ENTRIES PROVIDED:
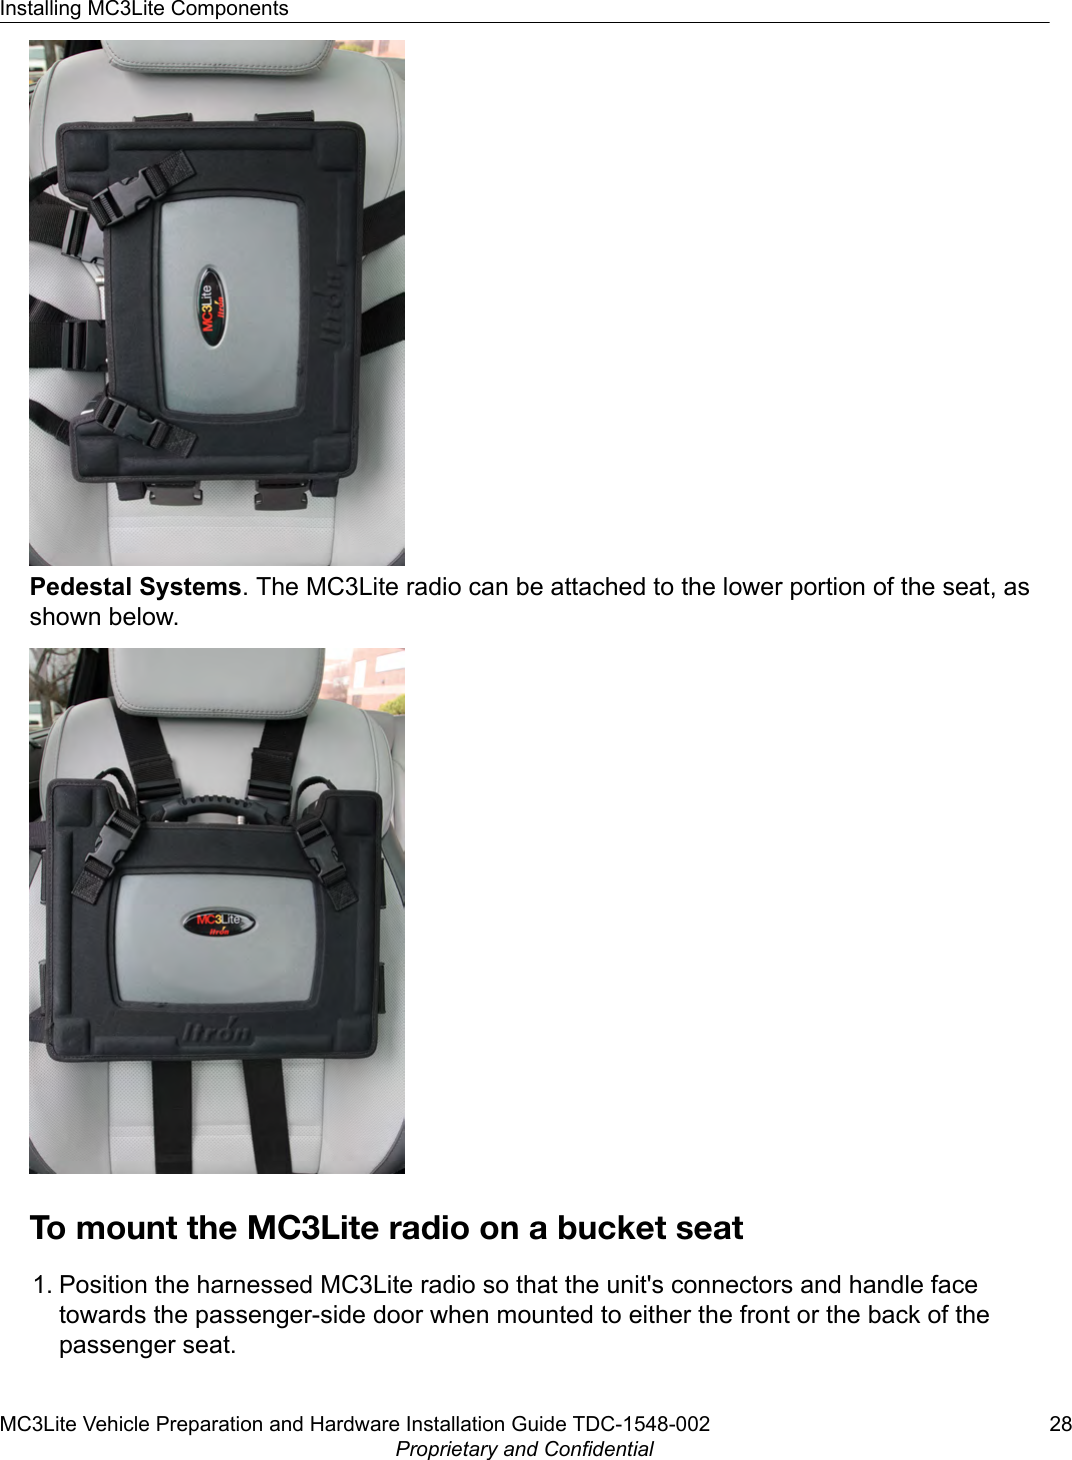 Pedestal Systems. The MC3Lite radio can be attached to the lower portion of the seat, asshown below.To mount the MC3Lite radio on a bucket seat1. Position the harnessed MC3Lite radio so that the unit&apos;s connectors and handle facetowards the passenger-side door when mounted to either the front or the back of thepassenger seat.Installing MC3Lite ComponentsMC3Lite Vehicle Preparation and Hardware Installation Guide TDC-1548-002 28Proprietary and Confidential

...

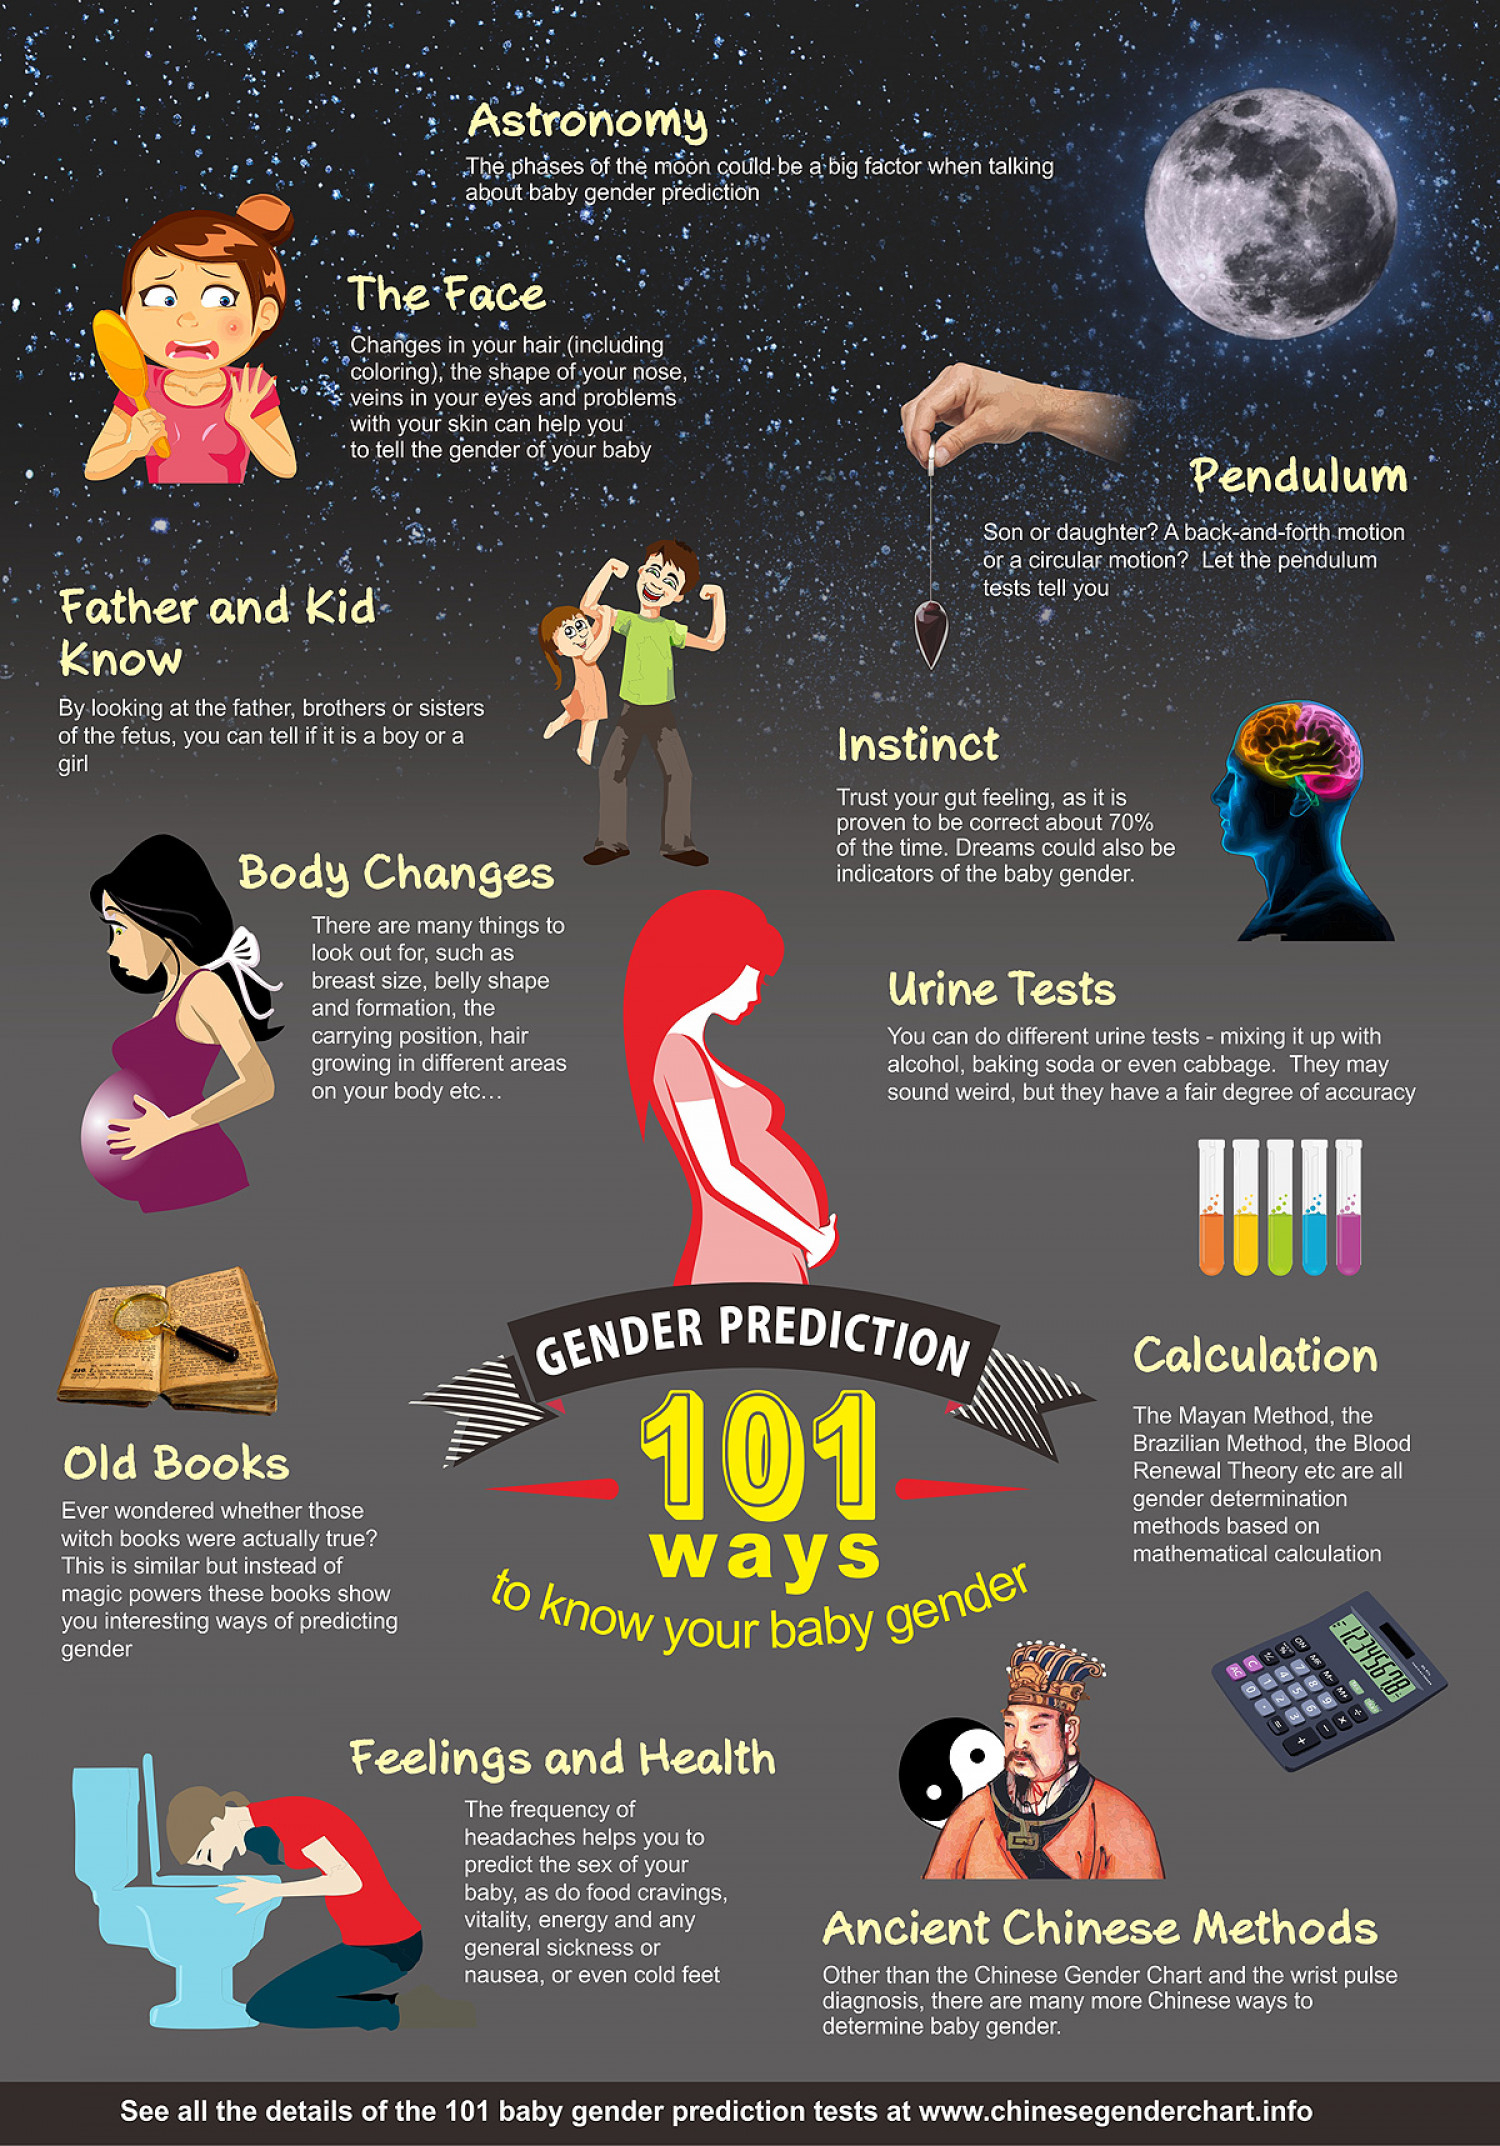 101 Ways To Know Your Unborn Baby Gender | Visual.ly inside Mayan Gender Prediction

==

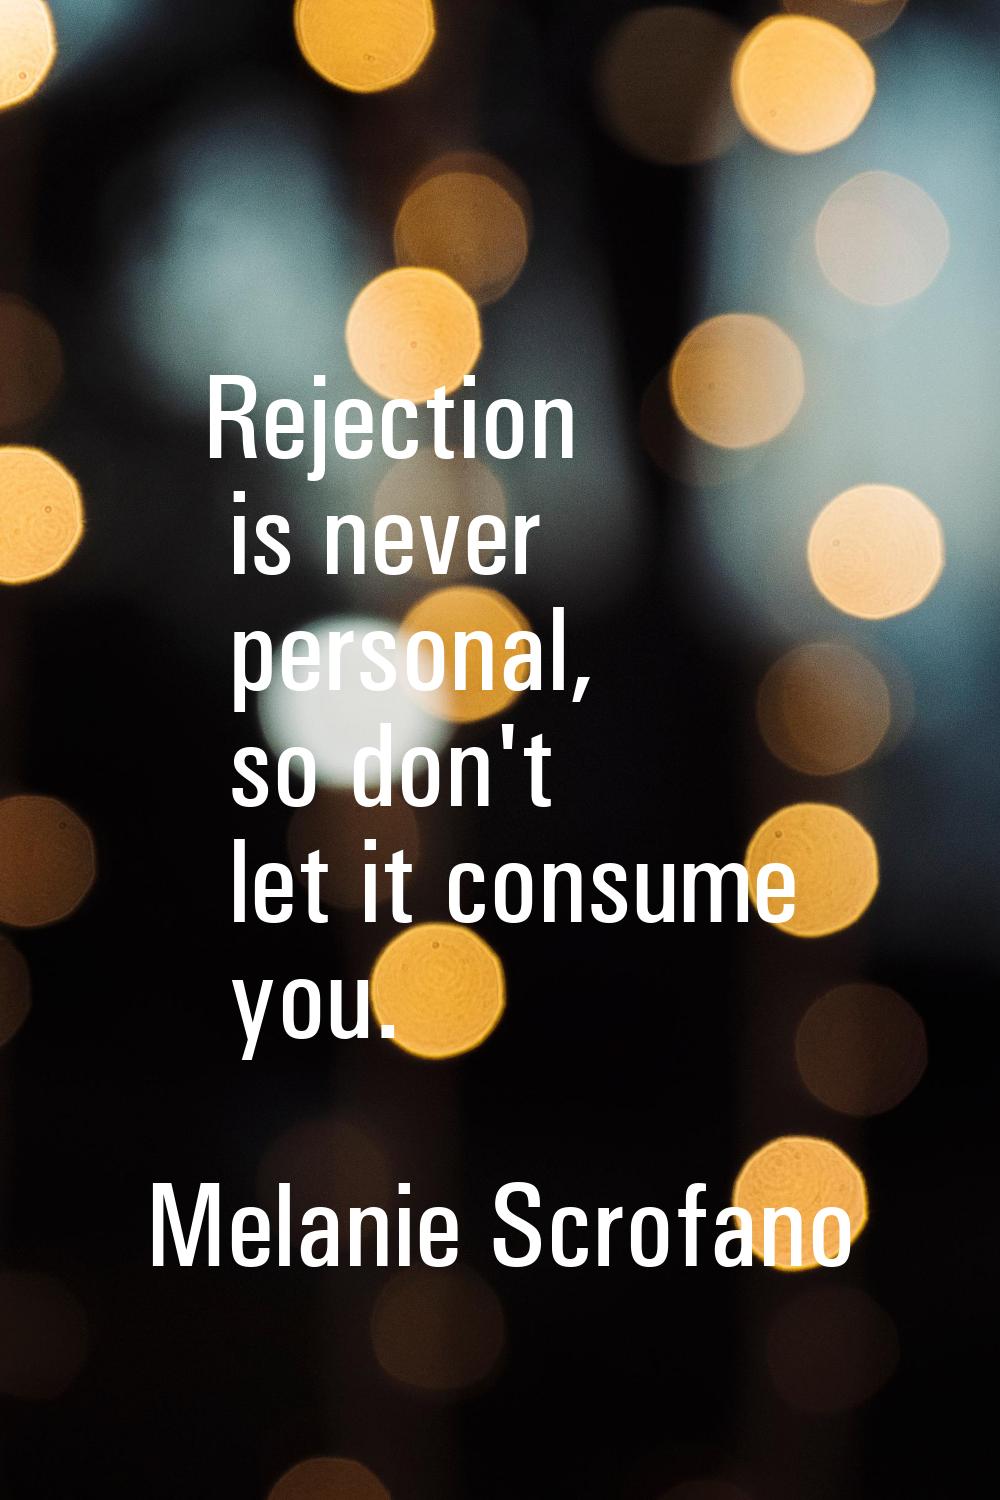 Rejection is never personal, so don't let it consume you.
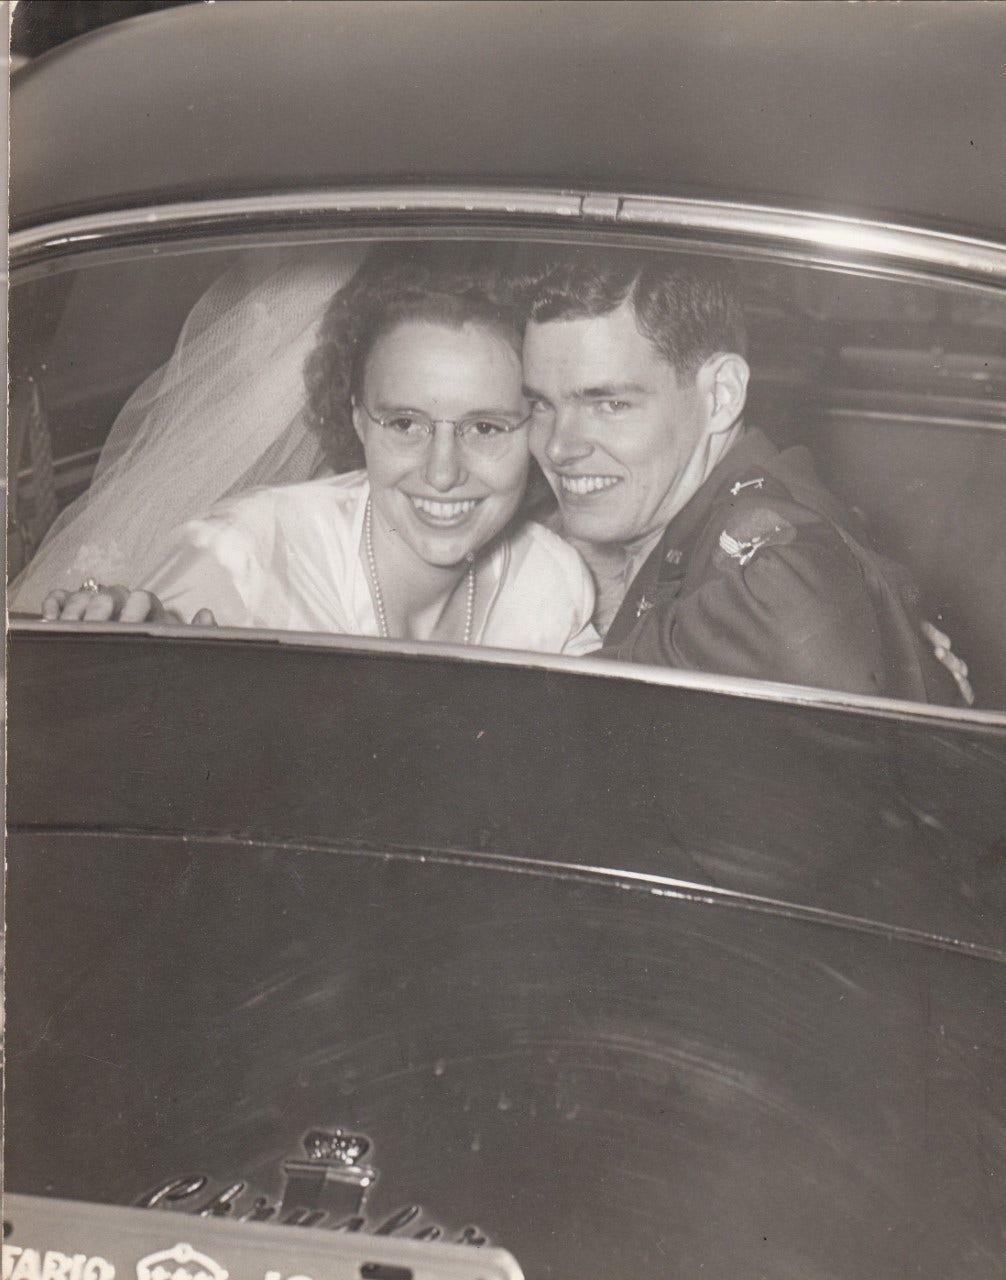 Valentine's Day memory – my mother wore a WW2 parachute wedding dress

GOAL OF THE EXERCISE: Everything between and including the line above containing "Rejection is never" and the line containing "Valentine's Day memory" should be reproduced exactly, with pictures excluded.

THE COMPLETED TASK:
 Rejection is never personal, so don't let it consume you.
 Valentine's Day memory – my mother wore a WW2 parachute wedding dress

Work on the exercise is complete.